Czy to takie trudne do odgadnięcia, że dziecko może czegoś nie lubić/nie chcieć i trzeba się trochę dopasować??
Moje nie chciało za nic w świecie jeździć w gondoli i co, miałam je zmuszać, na siłę, w płaczu i we wrzaskach mielismy spacerować??
Ani ja ani dziecko nie byłoby szczęśliwe.
Kupcie chustę, zobaczcie na YouTube jak ja wiazac i zobaczycie, że problem z głowy!!
Dzieci nie znoszą leżeć samotnie, boją się! Przecież to obcy świat, nic o nim nie wiedzą. Mają tylko Ciebie, mamo. Płaczą a ty chcesz ten płacz olać i "kontynuować" spacery... Kup chustę i to zadziała na bank! Sprawdzone na własnym dziecku :)
Moje nie chciało za nic w świecie jeździć w gondoli i co, miałam je zmuszać, na siłę, w płaczu i we wrzaskach mielismy spacerować??
Ani ja ani dziecko nie byłoby szczęśliwe.
Kupcie chustę, zobaczcie na YouTube jak ja wiazac i zobaczycie, że problem z głowy!!

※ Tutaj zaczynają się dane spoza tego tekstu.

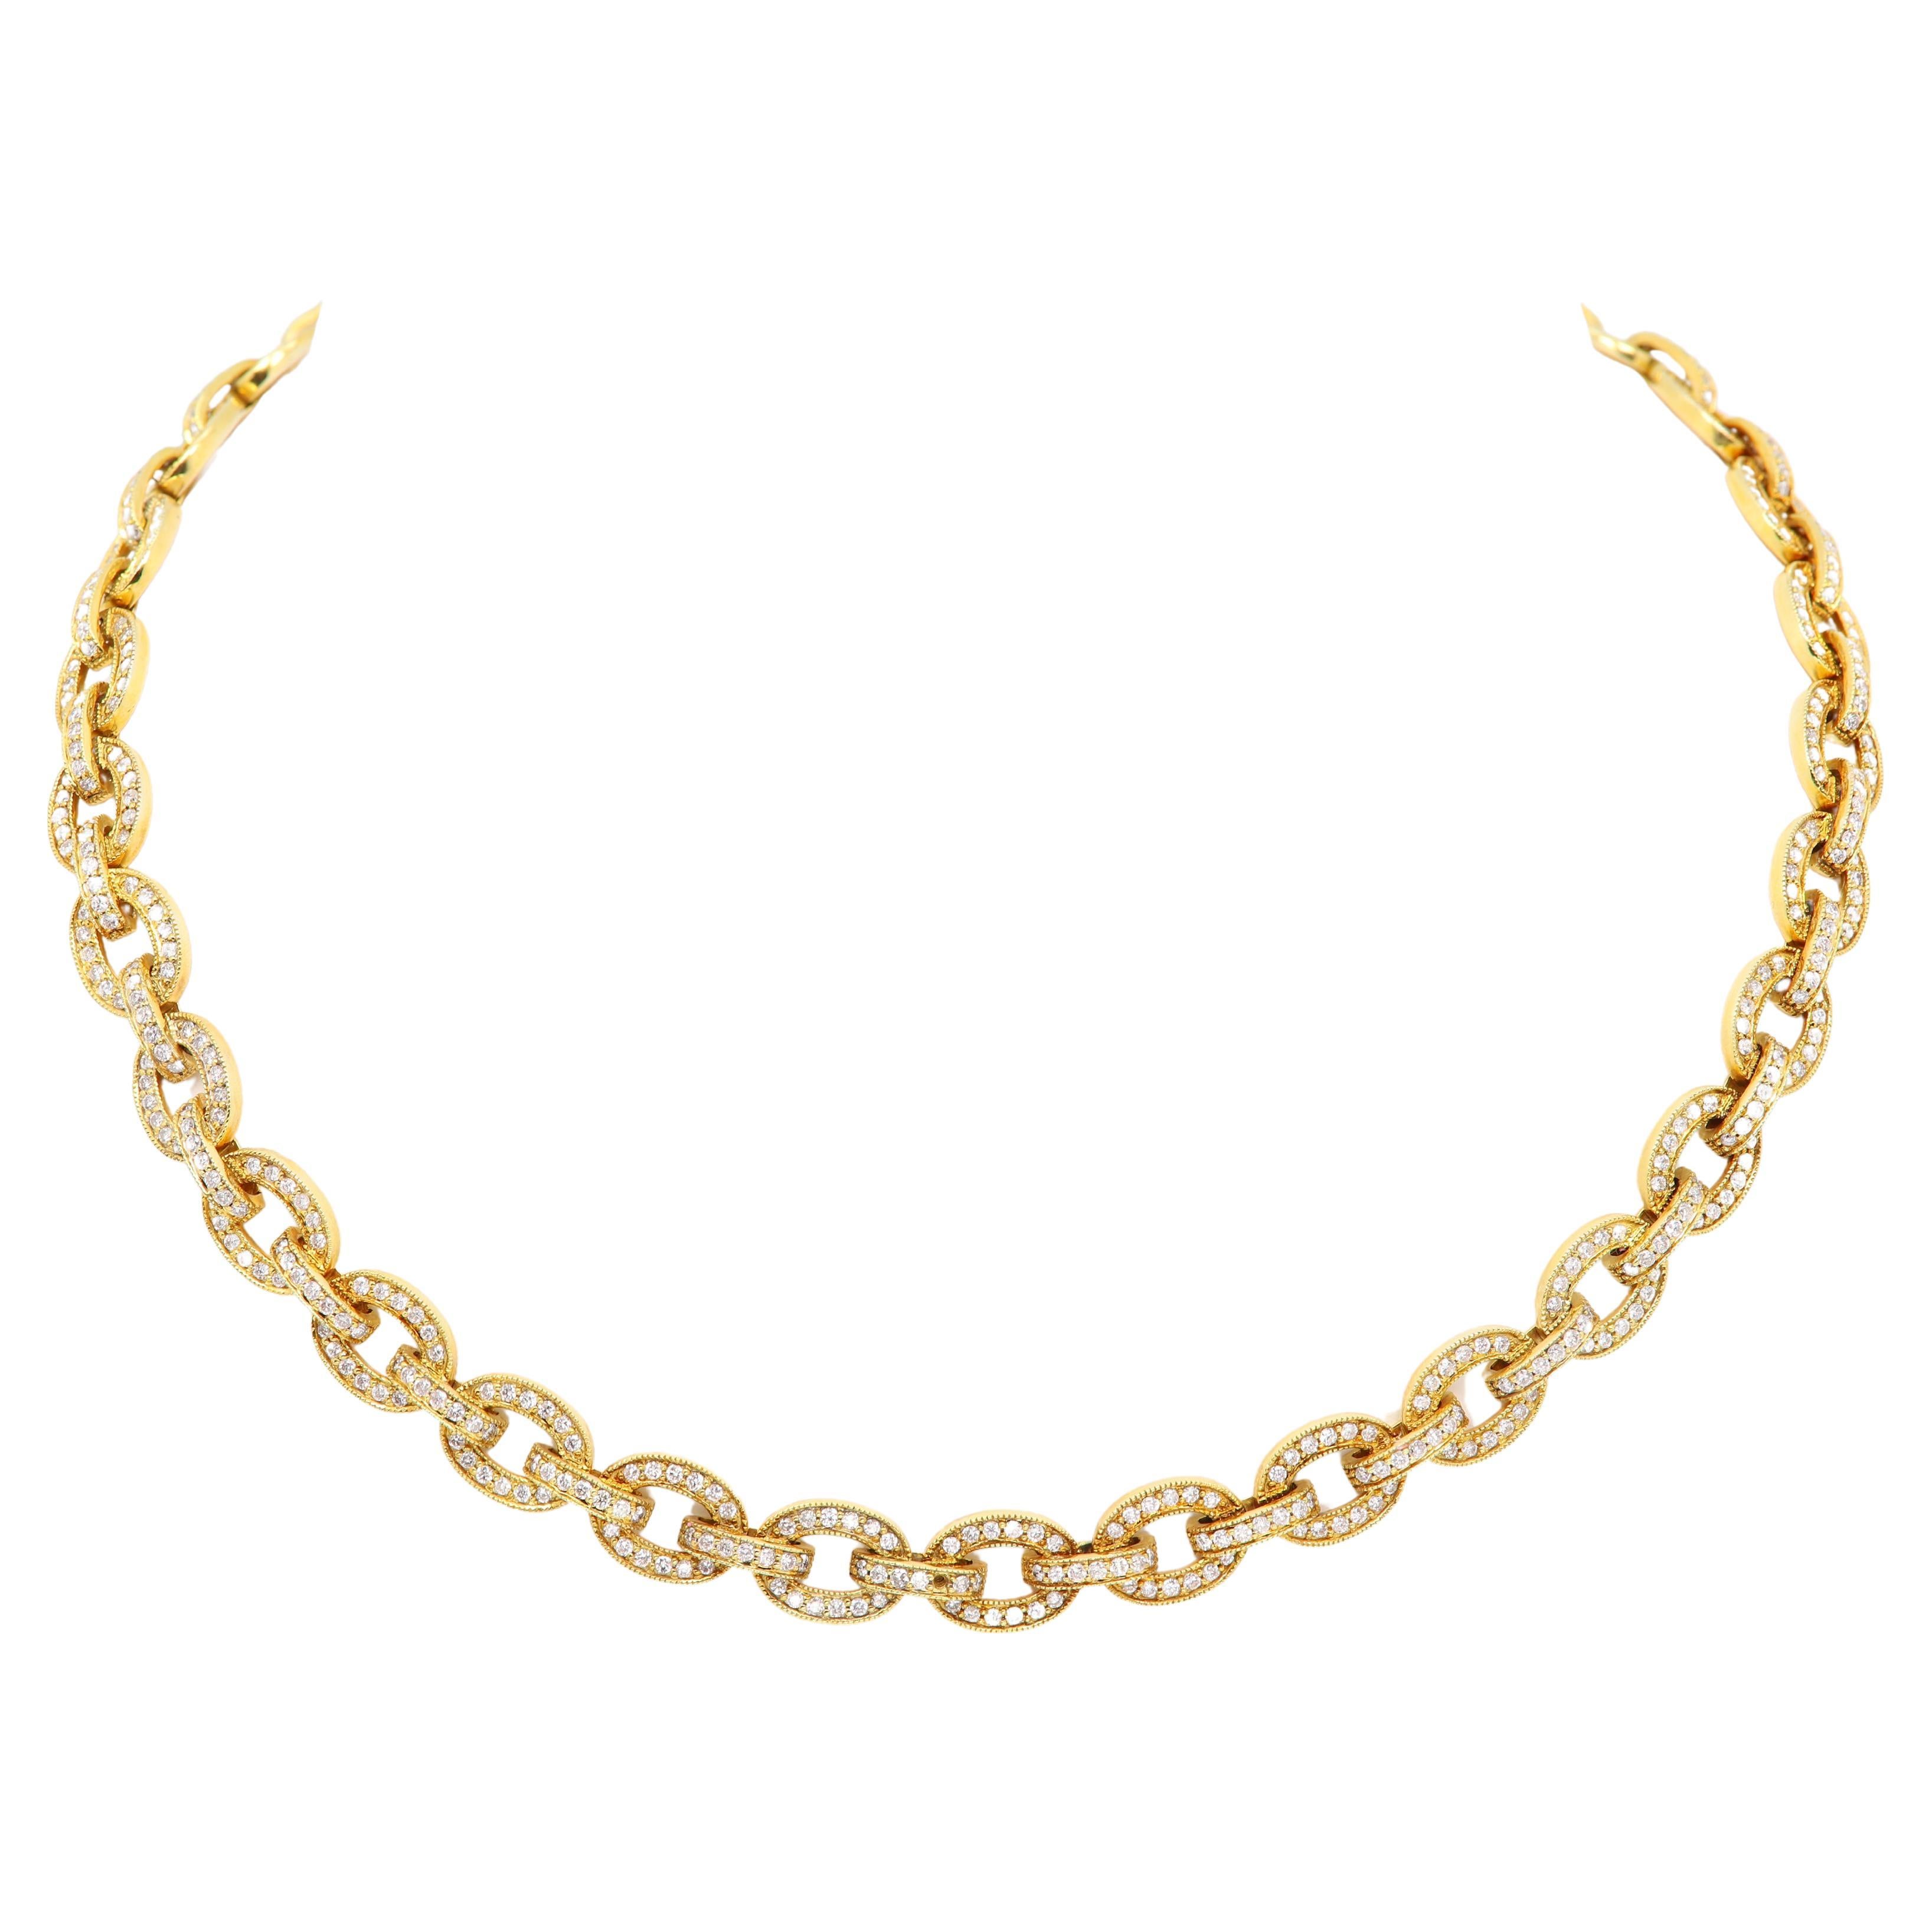 Fancy Necklace Natural Diamond Necklace 14 Karat Yellow Gold Link Chain

Dzieci nie znoszą leżeć samotnie, boją się! Przecież to obcy świat, nic o nim nie wiedzą. Mają tylko Ciebie, mamo. Płaczą a ty chcesz ten płacz olać i "kontynuować" spacery... Kup chustę i to zadziała na bank! Sprawdzone na własnym dziecku :)
pomijając fakt tego, że generalnie i tak mamy zimniejsze pogody niż paręnaście lat temu, to co piszesz, znaczyłoby, że w chuście dzieci nie nosimy od maja do września? tak średnio, bo czasem i w kwietniu się zdarzy słonce i 20 st a czasem i wrzesień słońcem nie pogardzi i 30 stopniami? jesienią plucha i pada więc chusta tez nie wskazana, zimą mrozy, a i w kurtce, szaliku śmiem twierdzic, że gorszy dyskomfort niż obecnie przy 22 stopniach, a wiosną no to jak widać różnie bywa...no to kiedy uważasz, że w chuście się dzieci nosi?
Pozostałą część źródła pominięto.